The oil and gas lease in its modern form, including the primary-term/secondary-term structure defined by the habendum clause, was developed in the late 19th and early 20th centuries as petroleum exploration expanded beyond the early Pennsylvania and Ohio oil regions to the Mid-Continent, Gulf Coast, and California; the early "producers 88" lease form (the standard form used in Texas from the early 1900s, so named because it was the 88th form used by the early oil companies in the state) established the habendum clause language that became the model for the mineral lease forms used throughout the US; landmark legal decisions interpreting the secondary term habendum clause include Clifton v. Koontz (1959, Texas Supreme Court, establishing the two-part economic test for "paying quantities") and Midwest Oil Corp. v. Winsauer (establishing the temporary cessation of production doctrine) -- decisions that are still cited in lease disputes today; the growth of shale and tight oil development in the 2000s created new secondary-term challenges as operators held large volumes of acreage through primary terms with the intent to develop after delineation, leading to disputes over whether horizontal wells in pooled units "produce" in ways that hold non-producing tracts within the unit for secondary-term purposes; state legislatures in Pennsylvania, Colorado, and other shale states modified their oil and gas statutes in the 2010s to address secondary-term holding mechanisms that the original lease forms did not contemplate, including the effect of horizontal wells, multi-well pad development, and unitization on secondary-term perpetuation.

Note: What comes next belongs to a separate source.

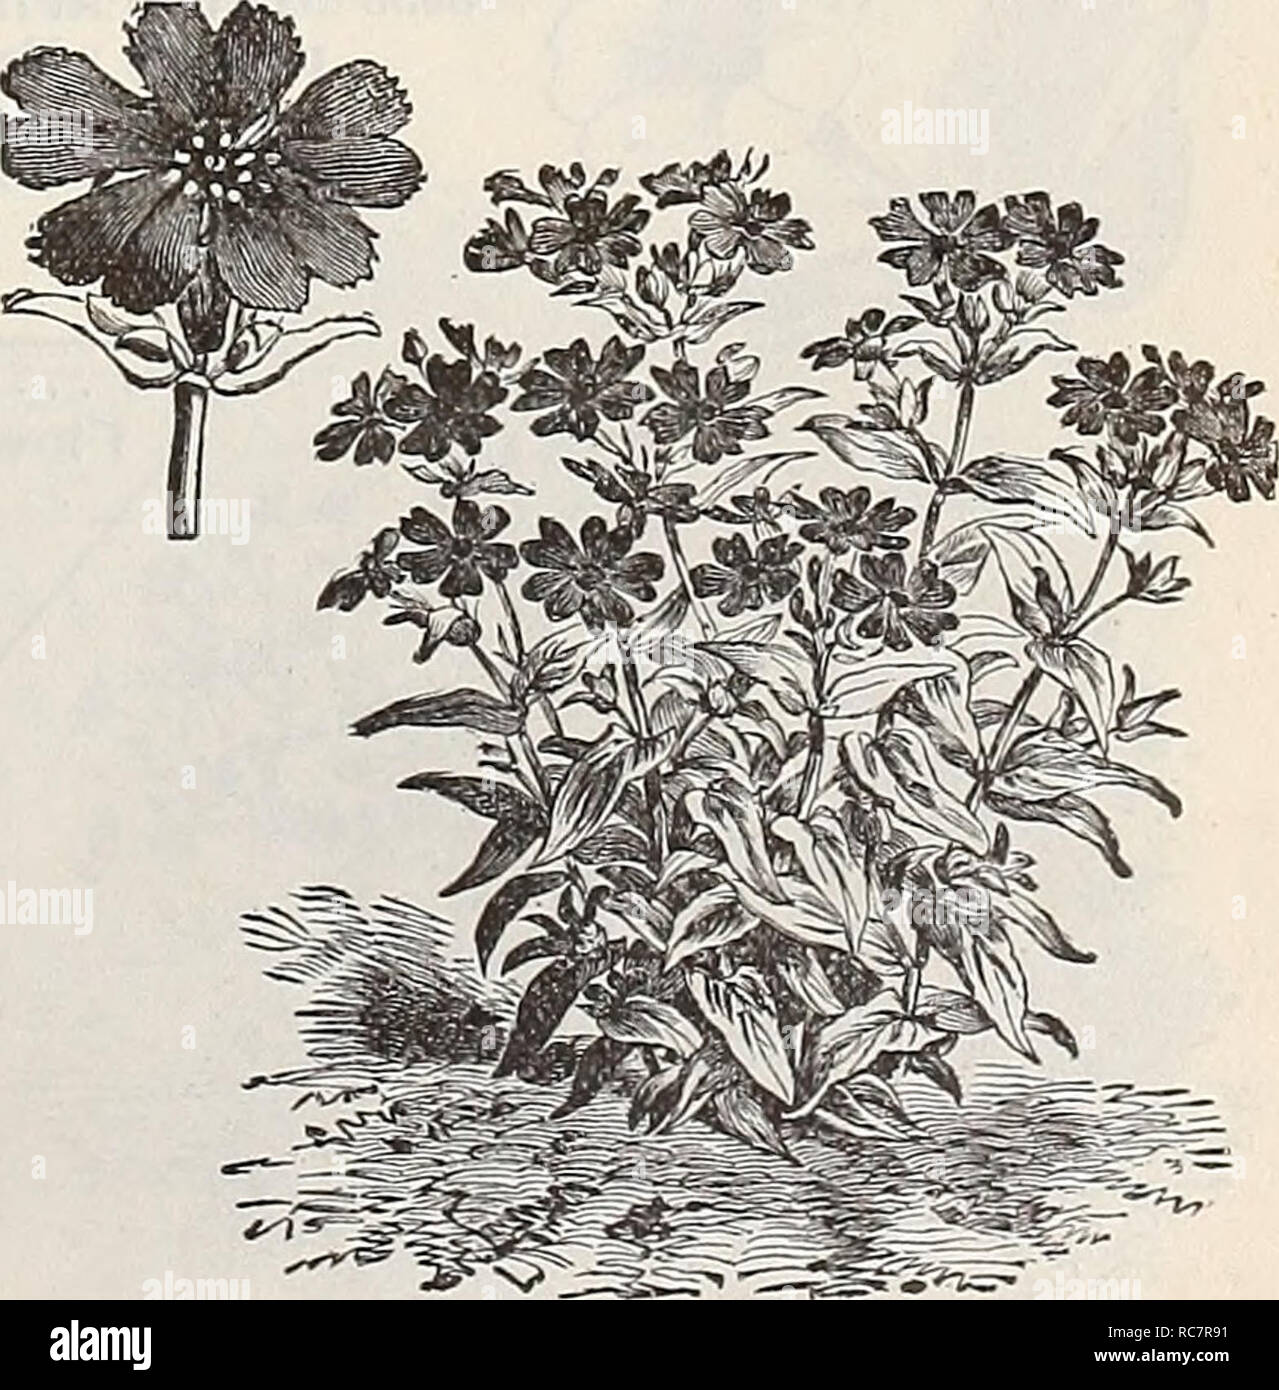 . Dreer's garden calendar : 1896. Seeds Catalogs; Nursery stock Catalogs; Gardening Equipment and supplies Catalogs; Flowers Seeds Catalogs; Vegetables Seeds Catalogs; Fruit Seeds Catalogs. Maurandi LINUM. One of the most effective and showy bedding plants, of long duration, having fine foliage and delicate stems. PER PKT. 6017 LinumCoCCineum. Brilliant scarlet crim- son ; hardy annual; 1 foot 5 6018 — Flavum. Golden yellow, perennial 5 LOPHOSPERMUM. Highly ornamental annual climber, with showy, fox- glove like flowers; 10 feet. (See cut.) 6035 Liophospermum Scandens. Rosy pur- ple 10 I.UPINUS Stock Photo

What Is the Secondary Term?

The secondary term of an oil and gas lease is the period after the initial fixed primary term during which the lease continues in force provided that oil, gas, or other hydrocarbons are produced in paying quantities (or other lease-perpetuating activities such as shut-in royalty payment are maintained). Defined by the habendum clause, the secondary term has no fixed end date -- it continues indefinitely as long as production in paying quantities is maintained, terminating automatically when that condition is not met. Disputes over what constitutes "paying quantities" and the effect of temporary production cessation are among the most litigated issues in oil and gas law.